Abstract 14744: Resuscitation by Prehospital Transfusion With Hemoglobin Vesicles in Trauma Induced Hemorrhagic Shock / Coagulopathy Rabbits
Introduction: Several investigators reported that polymerization of hemoglobin creates larger Hemoglobin-based oxygen carriers, may increase the likelihood of coagulopathy.

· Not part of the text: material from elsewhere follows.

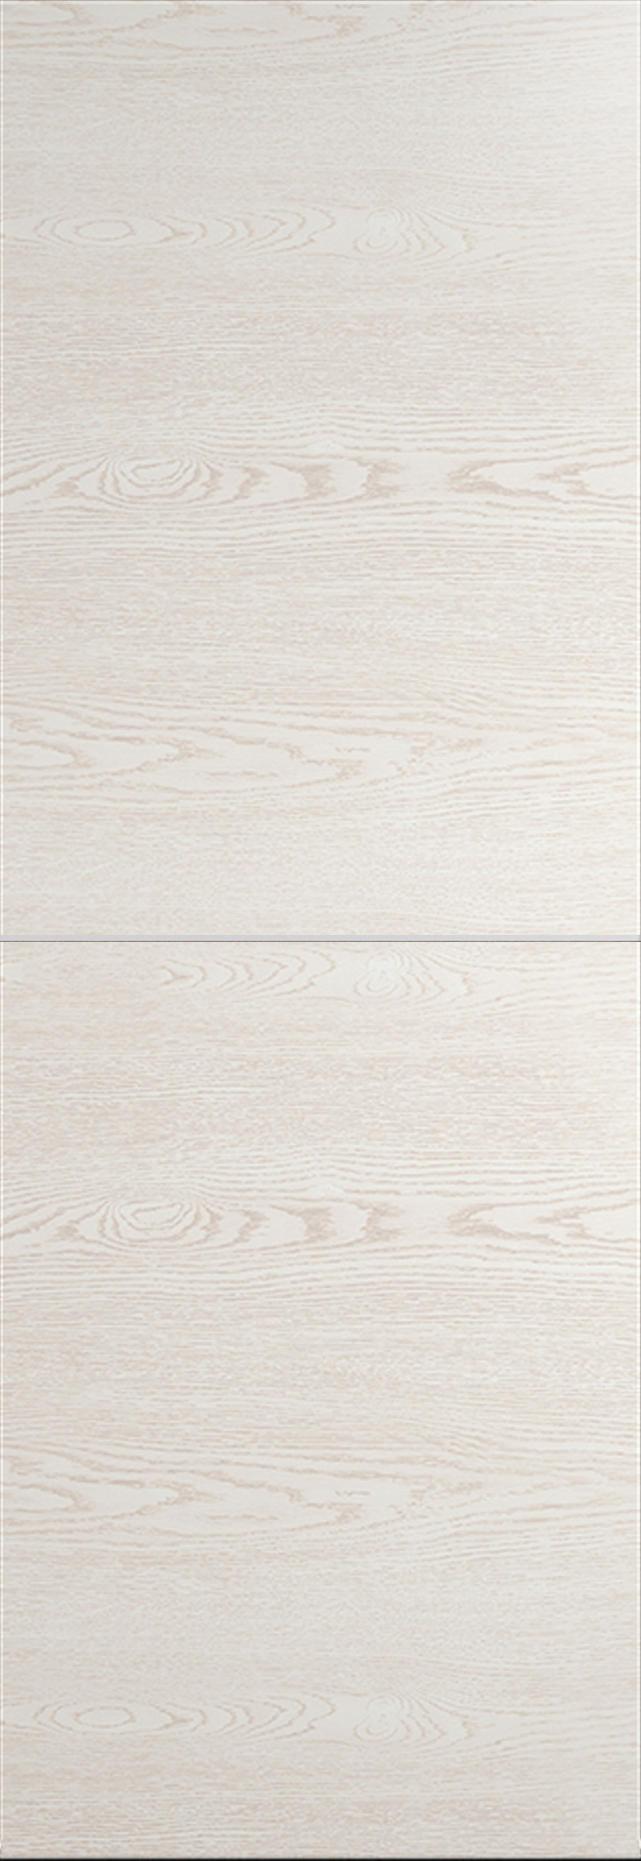 Tivoli Б-3 Invisible цвет - Белый ясень Без стекла (ДГ)
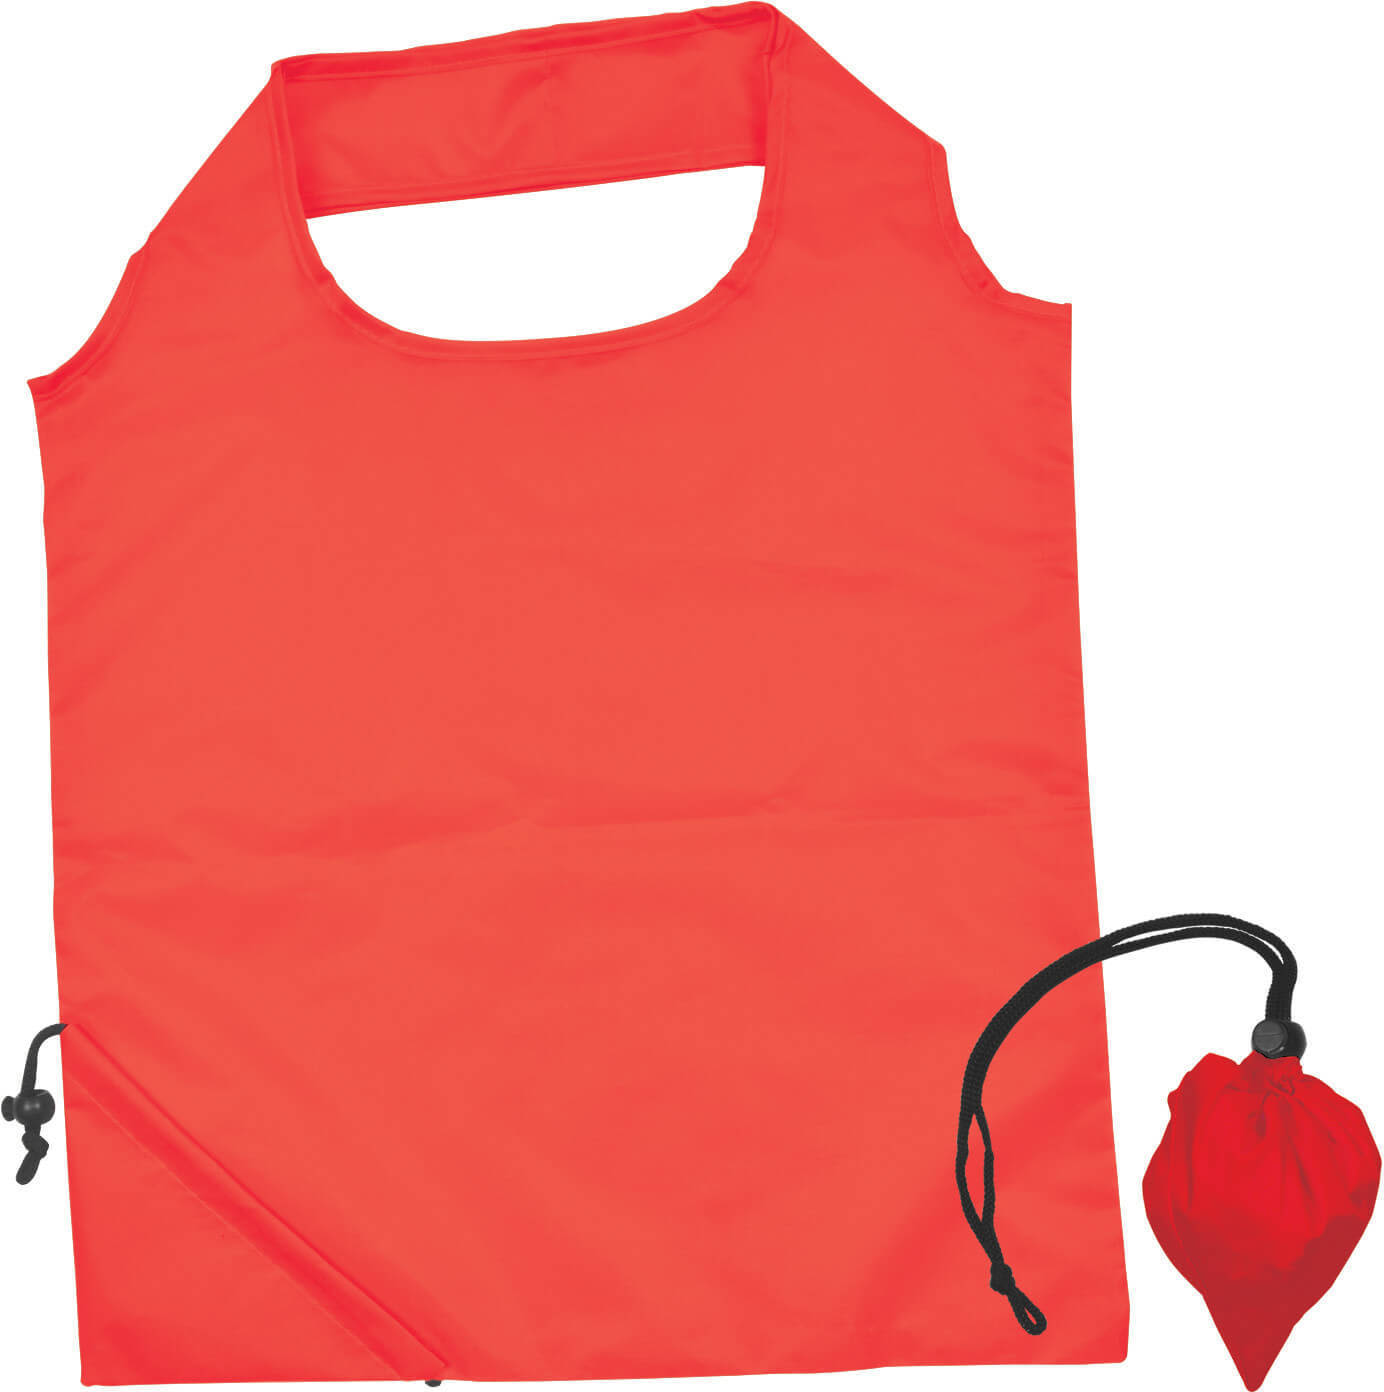 Red Folding Polyester Shopping Bag

Hypothesis: We have developed Hemoglobin vesicle (HbV) as an artificial substitute for Red blood cells (RBC). The aim of this study was to evaluate the efficacy of HbV treatment during prehospital period in traumatic hemorrhagic shock / coagulopathy rabbits.
Methods: Hemorrhagic shock / thrombocytopenia were induced in rabbits by repeated blood withdrawal (total 400ml) and isovolemic transfusion of autologous washed RBC. Liver penetrating injury led lethal oozing hemorrhage. Prehospital phase: Uncontrolled hemorrhage was compensated by isovolemic transfusion of allogenic RBC transfusion (n=8), HbV (n=8) or Platelet poor plasma (PPP) (n=5) for initial 30 minutes. In-hospital phase: Then, platelet rich plasma (PRP) administration stopped bleeding. Subsequently, final RBC transfusion (n=16) or PPP (n=5) was administered as much as same volume of blood loss until hemostasis achieved period. Acute prognosis was compared among them for 24 hr. Hemodynamic and hematologic parameters were periodically recorded until the end of surgical procedure.
Results: In thrombocytopenic rabbits (platelets < 50,000 /μL, mean arterial pressure (MAP) < 50 mmHg), liver penetrating injury caused uncontrolled bleeding, then PRP administration restored platelets ≧ 70,000 /μL, which stopped bleeding within 40 min. At this point, dilutional anemia occurred as severe as class IV shock (Hb 6.0 g/dl, MAP approximately 50 mmHg). Prehospital administration of HbV as well as RBC transfusion regained MAP more than 55 mmHg, and they rescued more than 80 % animals, although rabbits receiving PPP showed 0% survival in the first 24 hours. HbV administration did not affect the coagulation parameters as well as RBC transfusion.
Conclusions: HbV may be effectively initial resuscitation fluid s for acute hemorrhagic shock with trauma induced coagulopathy.
Author Disclosures: K. Hagisawa: None. M. Kinoshita: None.
- © 2016 by American Heart Association, Inc.